A proposito di modelli: la legge Balduzzi, ormai più di dieci anni fa, ha provato a indicare una strada per integrare meglio ospedale e territorio. Qualcosa, in Toscana e anche nella provincia di Siena, è stato fatto…

“Sì, la Toscana è stata tra le Regioni più attive, puntando sulla presa in carico dei pazienti cronici e sulla sanità d’iniziativa. E nella provincia di Siena si è lavorato bene. In Amiata e nella zona senese, si sono avviati progetti-pilota che hanno cercato di integrare davvero medicina generale, infermieri di comunità, servizi sociali, ospedale. Non tutto è stato perfetto, ma la direzione era giusta. Il problema ora e’ che si rischia di buttare via anche quello che funzionava”.

Appunto. E se invece lo cambiano lo stesso, e senza di voi?

“Il rischio è altissimo. Se rompi questo equilibrio, se svuoti i territori, se fai fuggire i giovani dalla medicina generale, resteranno solo i privati. E lo dico con amarezza: ci sarà chi può permettersi un medico e chi no. Altro che universalismo. È una china pericolosissima, e le prime a pagarla saranno le persone più fragili”.

Come presidente di Sanicoop e membro di Legacoop, hai anche una responsabilità nazionale. Cosa dici al Governo?

“Che ci ascolti. Non siamo un ostacolo, siamo una risorsa. Le cooperative mediche non vogliono sostituire il pubblico, lo vogliono sostenere.
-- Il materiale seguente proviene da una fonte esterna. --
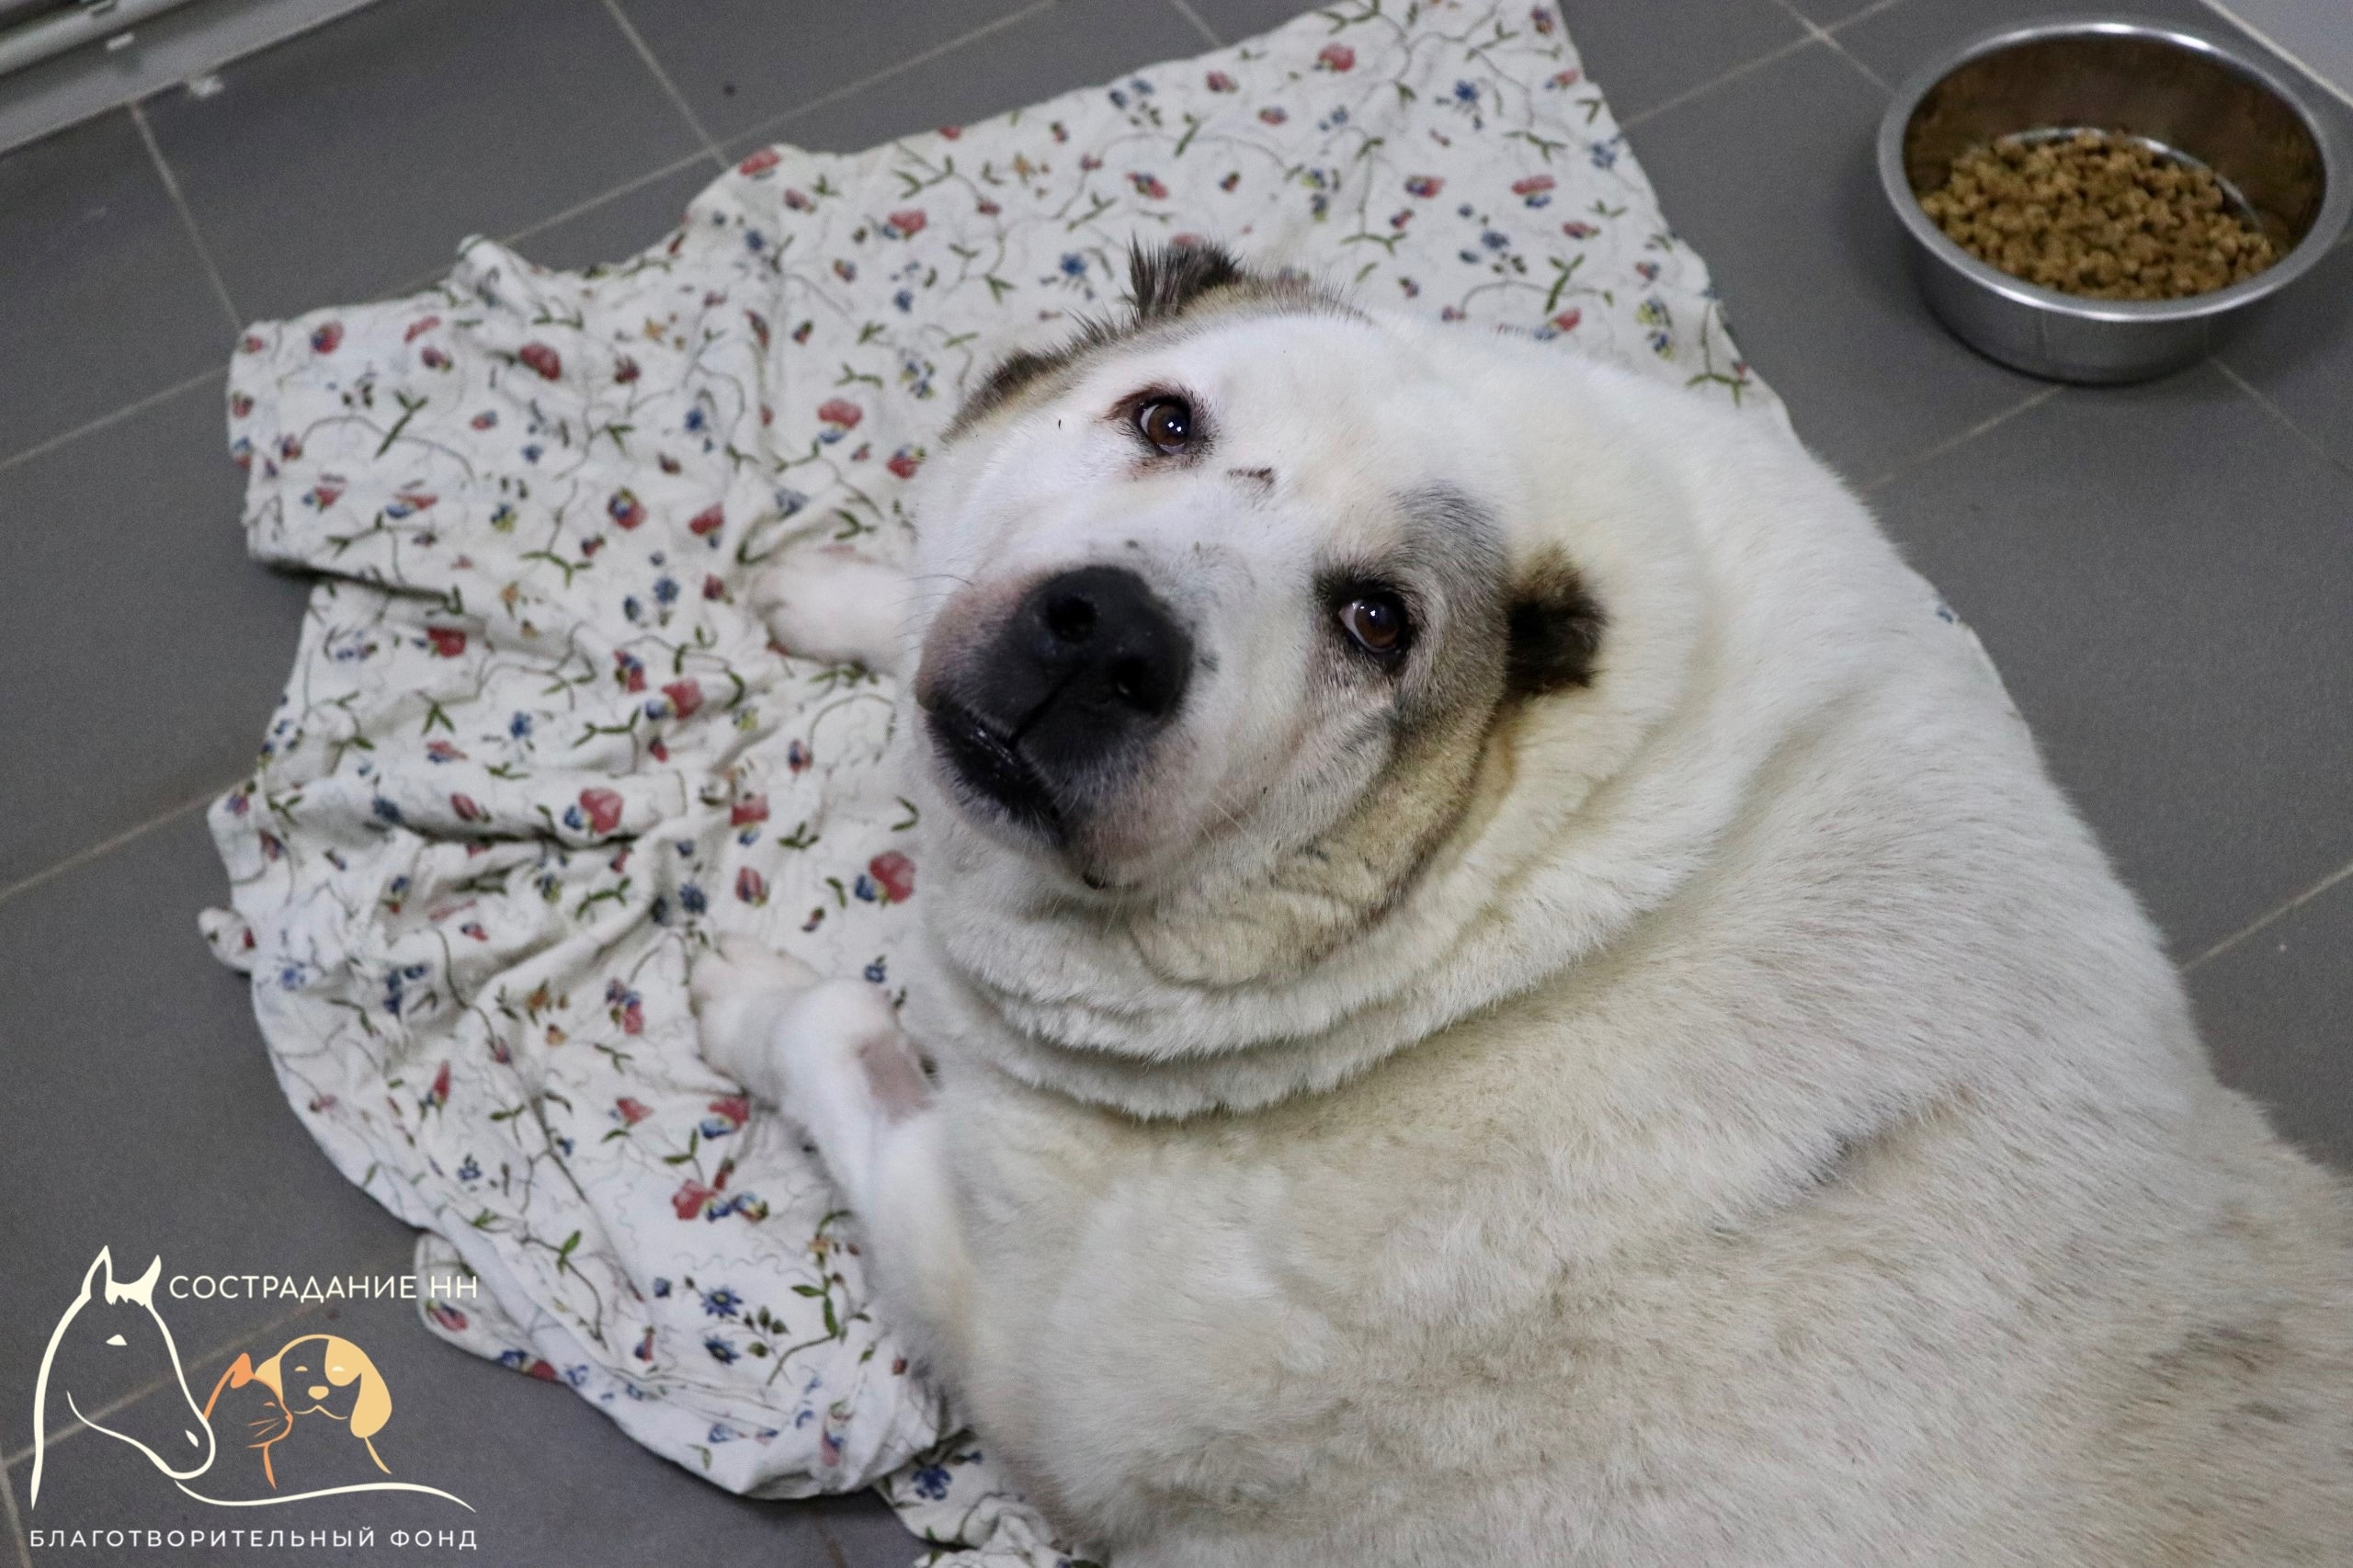 Самый толстый пес России из Нижнего Новгорода Кругетс похудел на 40 кг

Siamo pronti a fare la nostra parte, anche in una nuova organizzazione, purché si riconosca il valore del nostro lavoro, la prossimità, l’autonomia professionale. Non vogliamo diventare ingranaggi, vogliamo restare medici. Di base, sì. Ma nel senso più alto del termine”.

Maurizio, l’ultima cosa. Perché hai scritto quella lettera ai sindaci, non alla Regione o Ministero?

“Perché i sindaci conoscono i territori, la gente, le difficoltà quotidiane. Sono stati spesso lasciati soli, come noi. Sapevo che avrebbero capito il tono, la gravità. Ho chiesto loro di alzare la voce insieme a noi. Non per difendere una categoria, ma per difendere un modello che funziona, quando è messo in condizione di funzionare. E sai una cosa? Mi hanno scritto in tanti, anche commossi. La gente lo capisce, sai. I pazienti capiscono. Speriamo che lo capisca anche chi governa”.